Could you please transcribe the data exactly, without the pictures?
[DATA SHOWN]
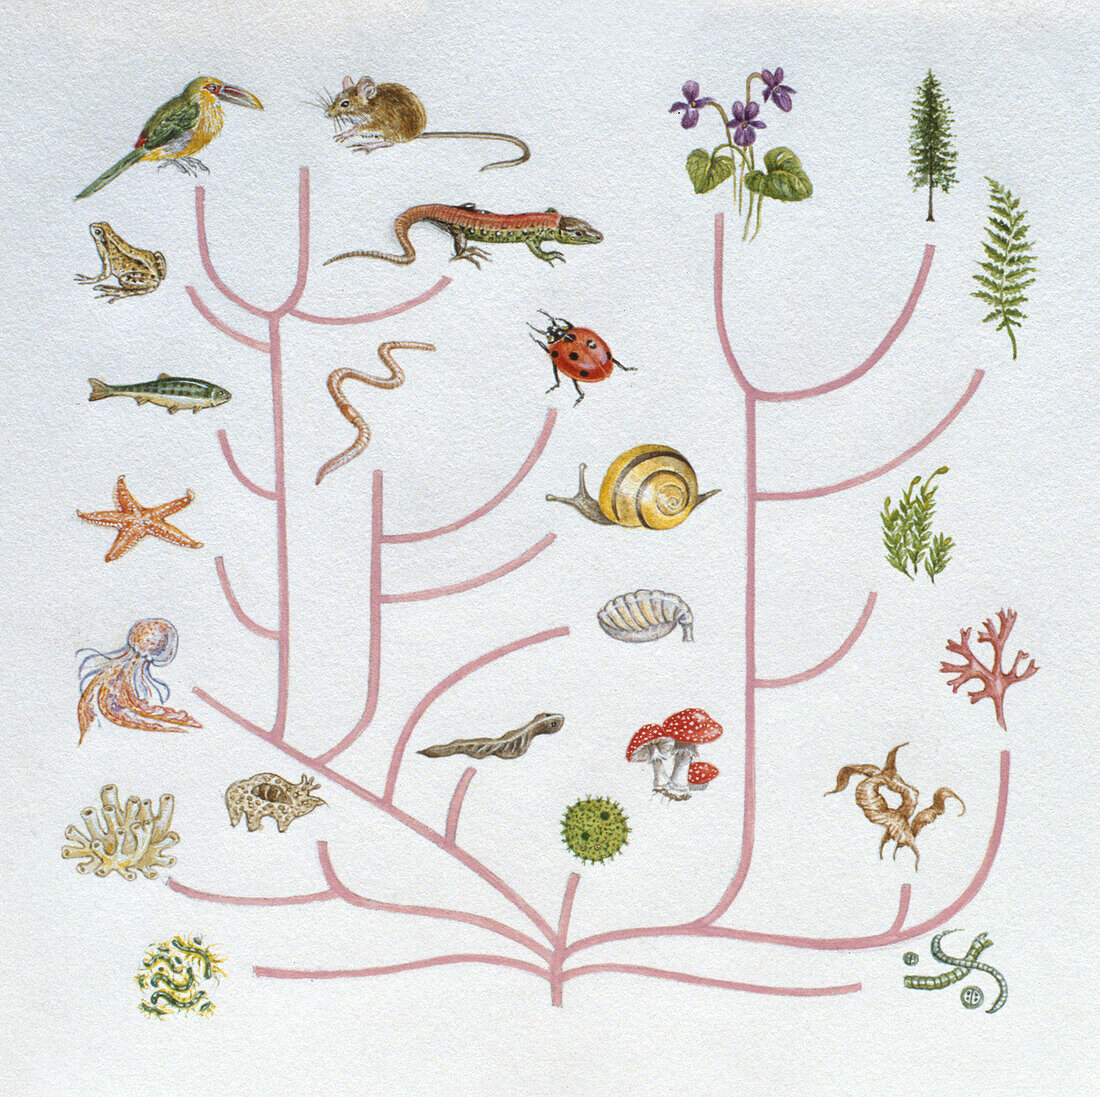 Evolutionary family tree, illustration
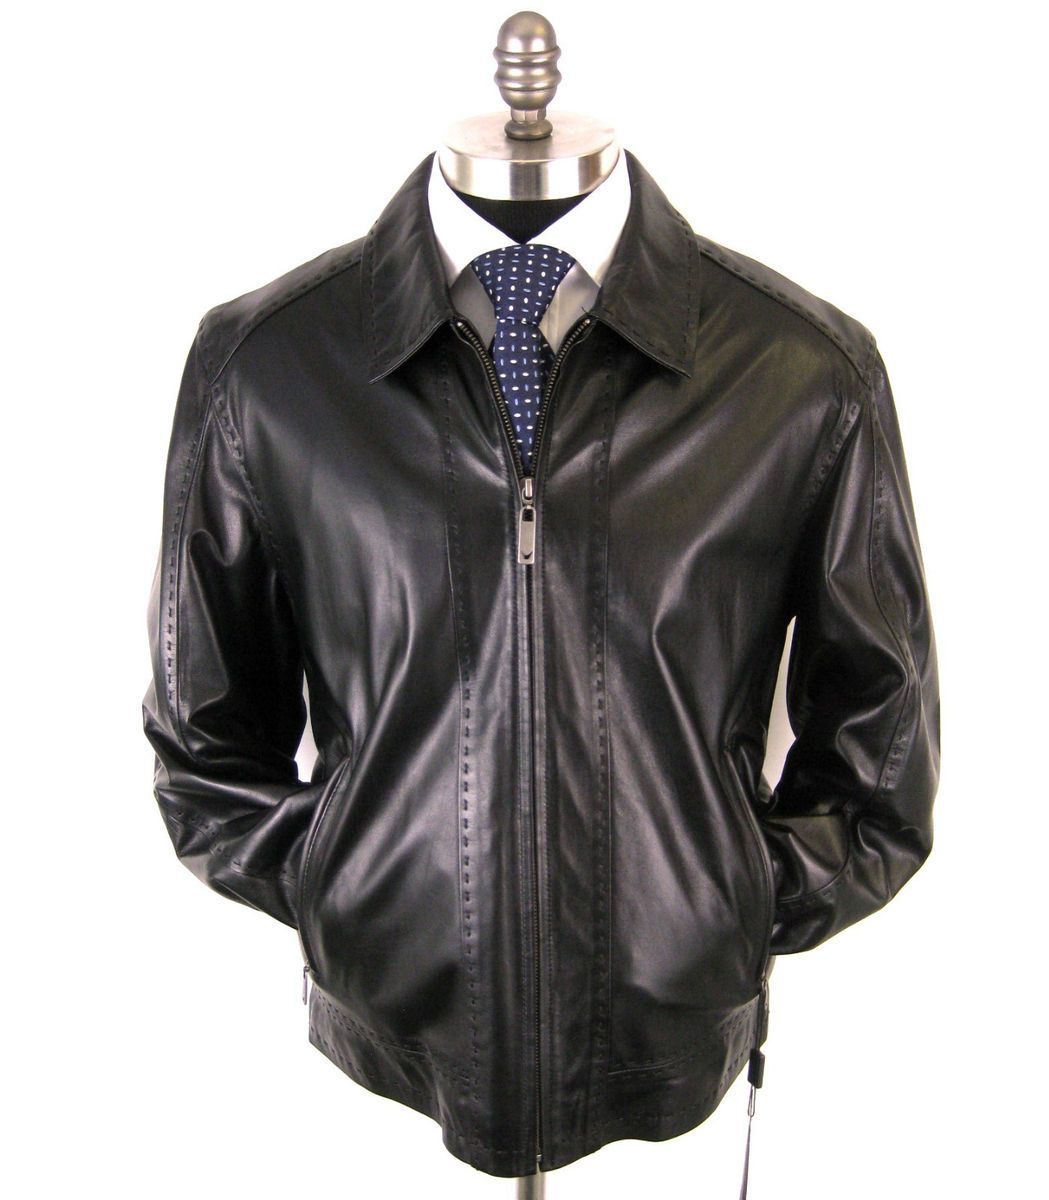 New DI BELLO Italy Black Lambskin Leather Coat Jacket 52 42R 42 L NWT 
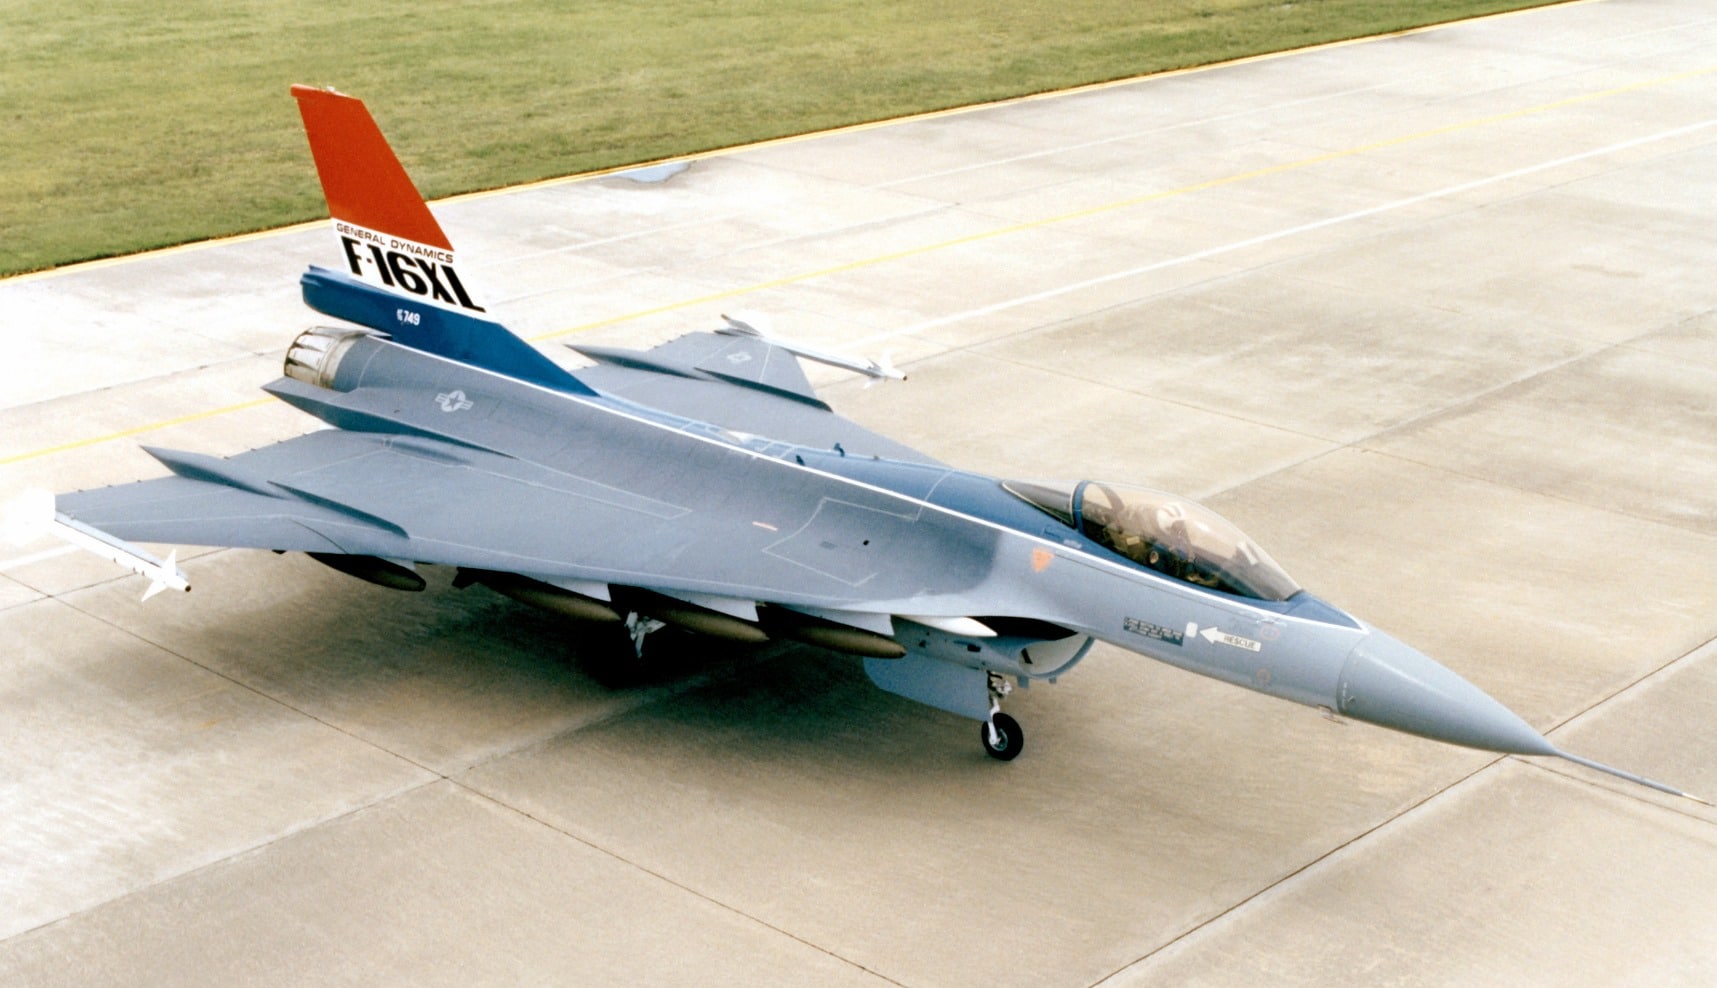 F-16XL on display.
[/DATA SHOWN]
# ANSWER FOR THIS EXERCISE:
 Evolutionary family tree, illustration
 New DI BELLO Italy Black Lambskin Leather Coat Jacket 52 42R 42 L NWT 
 F-16XL on display.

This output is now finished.